Once complete, copy that folder across to the new machine KEEPING the folder path identical to the one you used on the first machine at step(1).
Once complete, Browse to the “My Music/iTunes” folder and copy the the documents “iTunes Library.itl” and “iTunes Music Library.xml” plus the “Album Artwork” folders across to the new machine, storing these files in the appropriate “My Music/iTunes” folder.
Once the music is copied over, and you have copied the two files plus Album Artwork, you should start iTunes. Register with the iTunes Store and Authorise your computer. After doing all of this, close iTunes and re-open it. Everything should work just fine on the new machine.
Let me know how you get on please!
I revisited the previous data backup and recovery job today. The data was recovered by PC world and copied to an external USB drive before I got there. PC World appears to have missed a few important folders and data spaces, but since we had the original drive (and there was nothing wrong with it) I set it up inside my USB/CAT5 caddy. Finding the data on the drive was no problem, allowing me to complete the transfer.
iTunes is annoying. Very annoying. iTunes simply would not recognise the library data even though everything was copied over correctly. I ended up creating a fake library location on the new machine to correspond with the location used by the old PC. I then managed to get iTunes to detect and import this data (after authorising everything!) At this point iTunes was happy, but I wasn’t. The data was in the wrong place. Moving the data folder in iTunes and Consolidating the data moved the files where I wanted them. Now to clean up all of the crap required to keep iTunes happy. Why do they make this so difficult? There is no need to do all of this work. Just create a folder structure and work within it please, don’t route all the XML data with hard paths, that’s just annoying.
Anyway, with iTunes kicked and accepting its fate, on to completing the data backup systems. Shared folders were built, allowing the machines to sync to each other. The client is happy using Microsoft Backup so we run this and set it off. Everything was working nicely on both machines.
Nice, except for the iTunes crap.
I got a call from a friend. “Can you tell me how to use my video camera please?”

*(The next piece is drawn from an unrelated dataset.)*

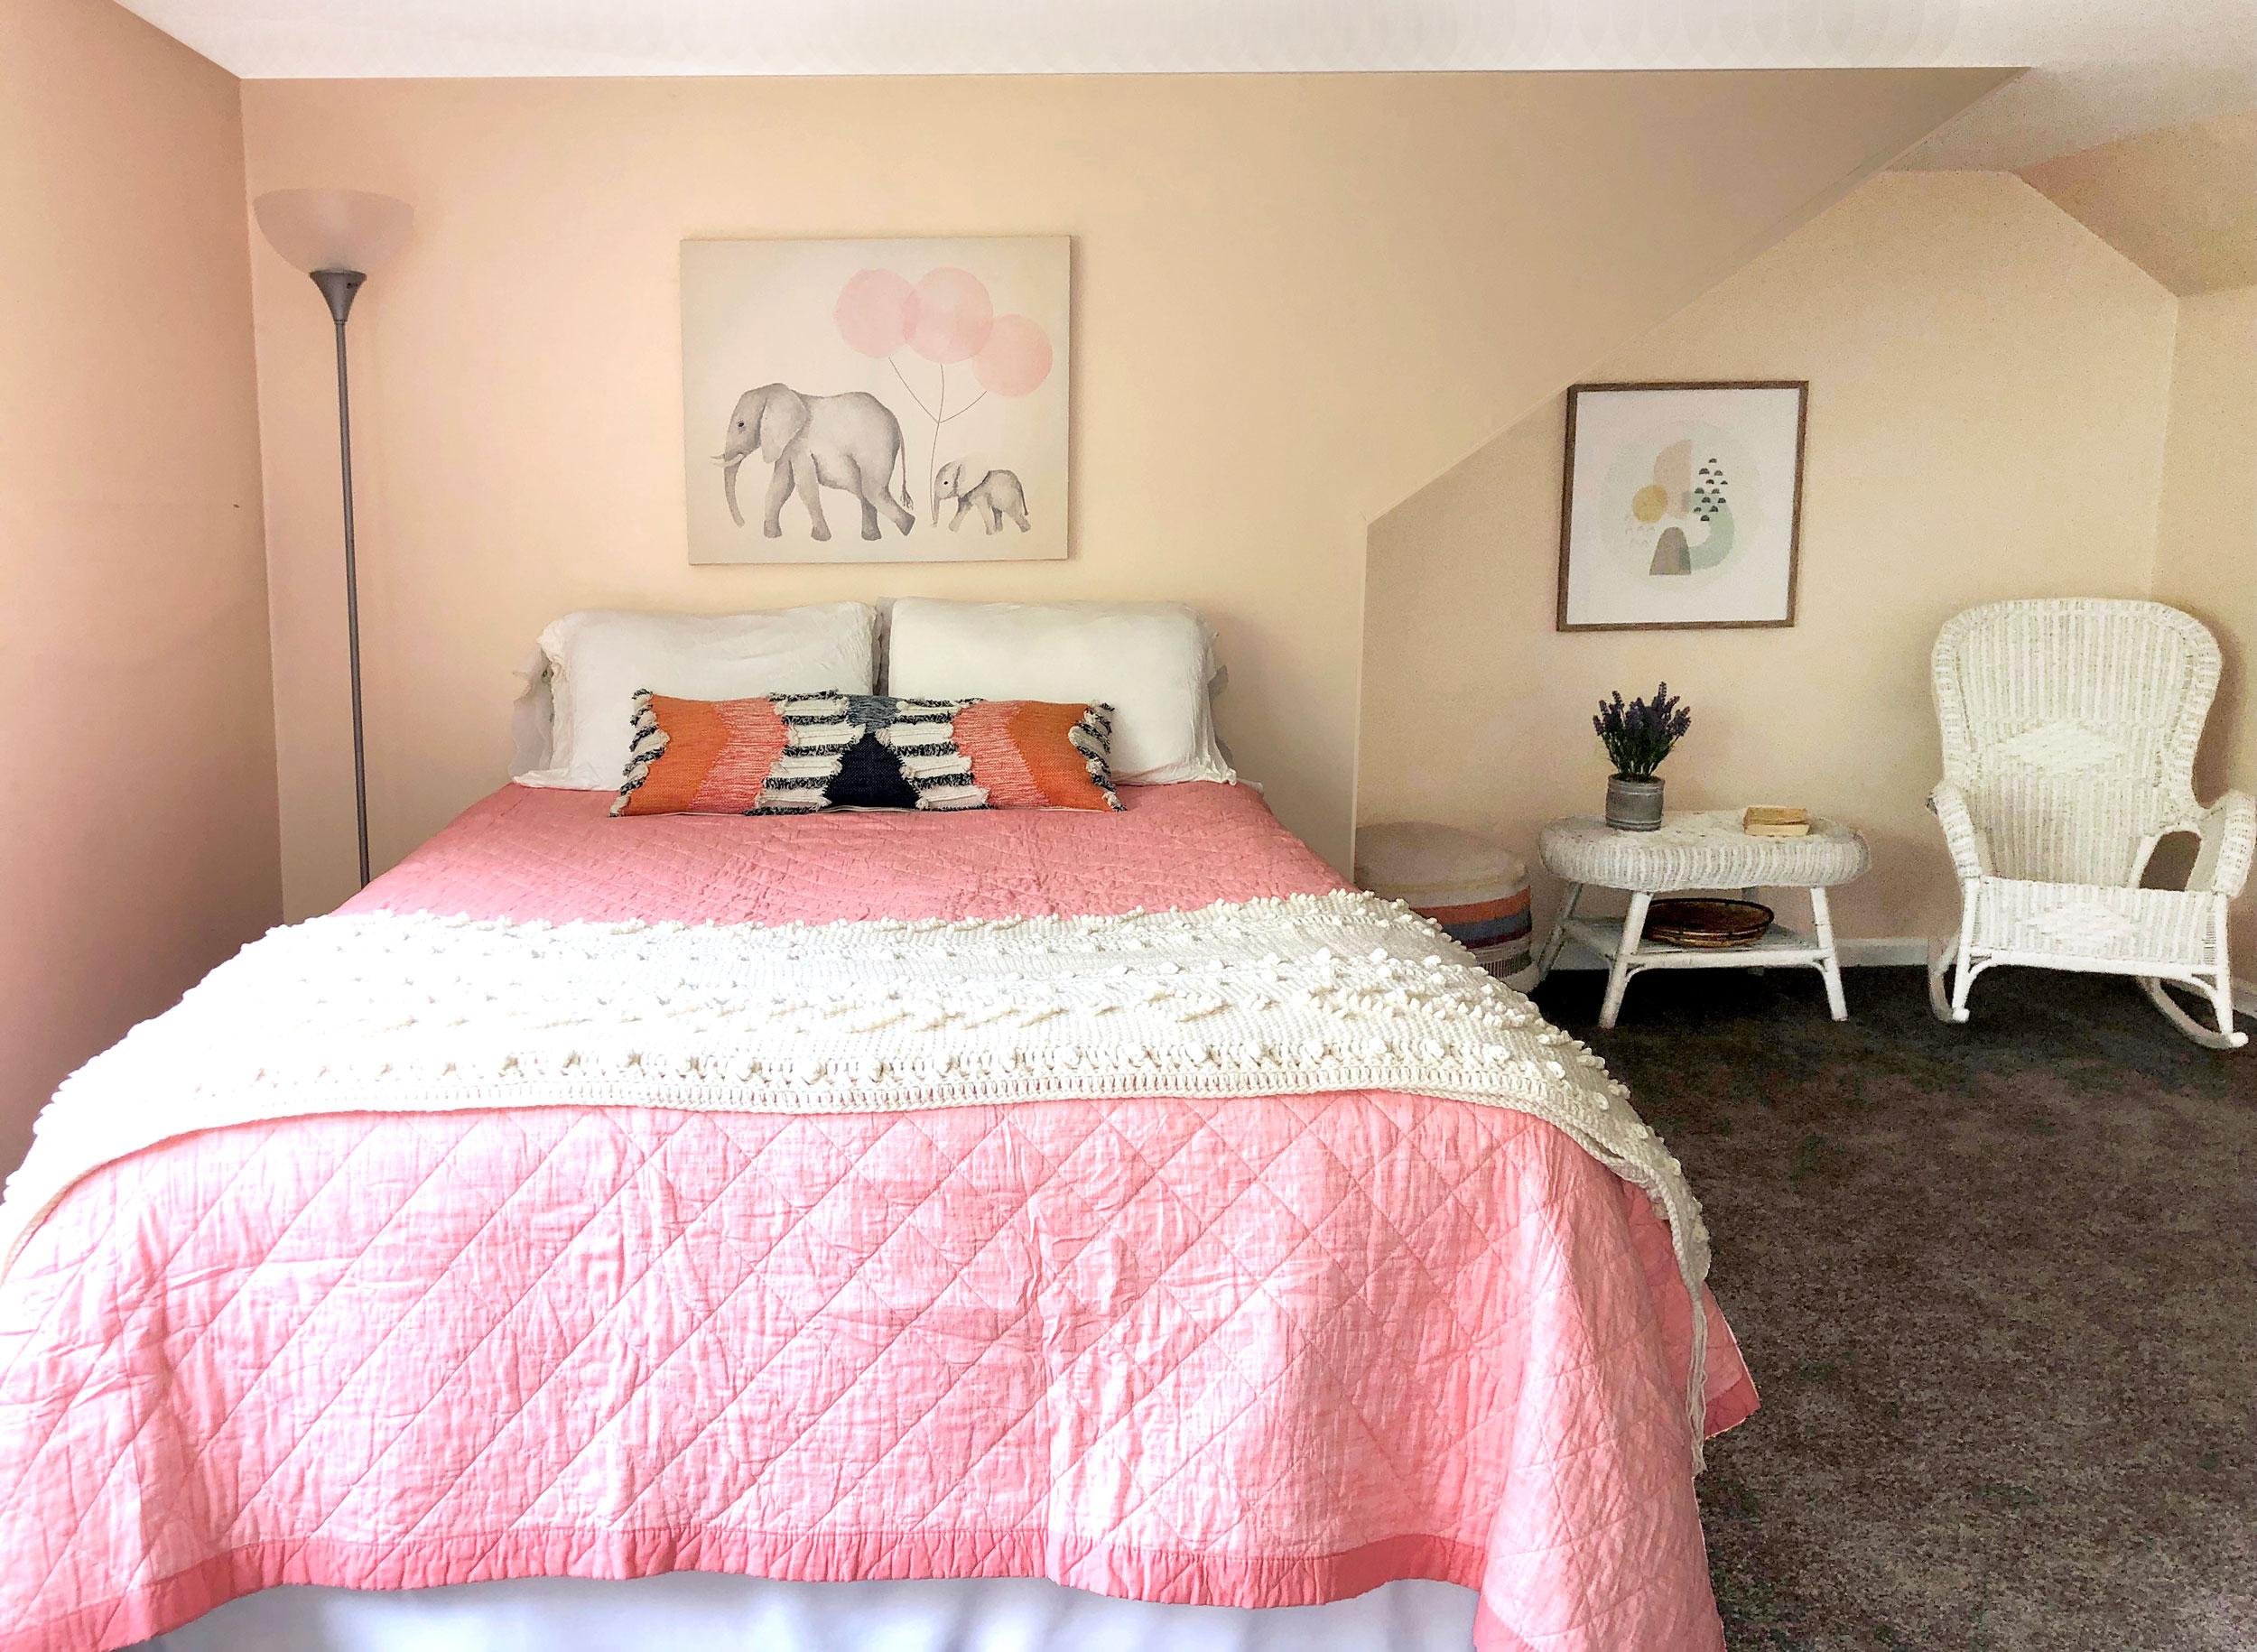 Bedroom: After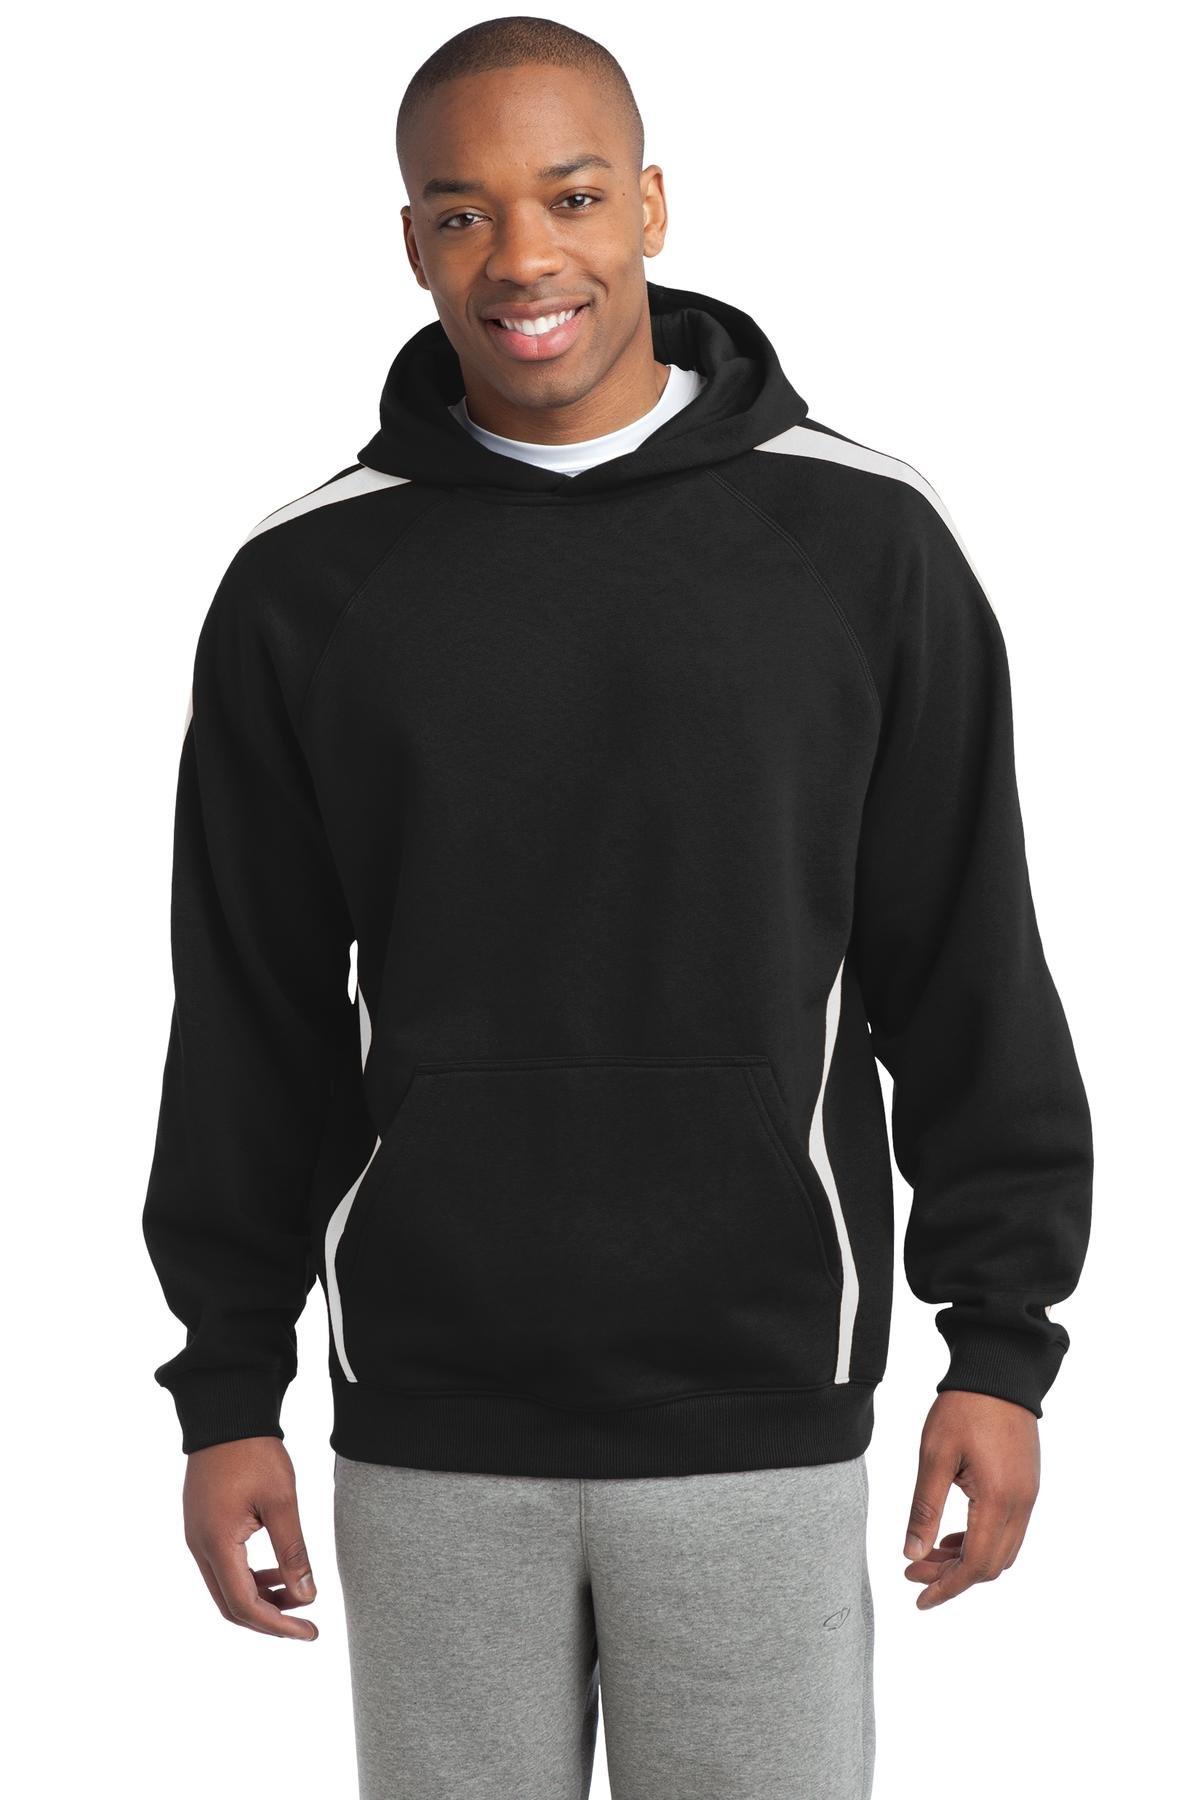 Sport-Tek Men's Sleeve Stripe Pullover Hooded Sweatshirt XL Black/White by Sport-Tek

Well, no, I can’t because I’ve never seen it. We’re talking off a brand new DVD cam-corder, a Sony DVD-109E I believe. I said I’d get back to him. I searched out the manual, which I duly downloaded. Sony used to be a pain to get manuals for, but thankfully they seem to have eased up a little. The whole process was very easy. Thanks Sony.
So here I sit with the Sony manual on my screen trying to understand this stuff without the machine in my hand. That’s quite a difficult thing you know. Supporting something you’ve never seen or touched.
Oh well, I’m going out to see how things look tomorrow morning. Hopefully it’ll be a quick and easy “job for a friend” as I’ve got a busy day ahead installing a server and backup software. More later.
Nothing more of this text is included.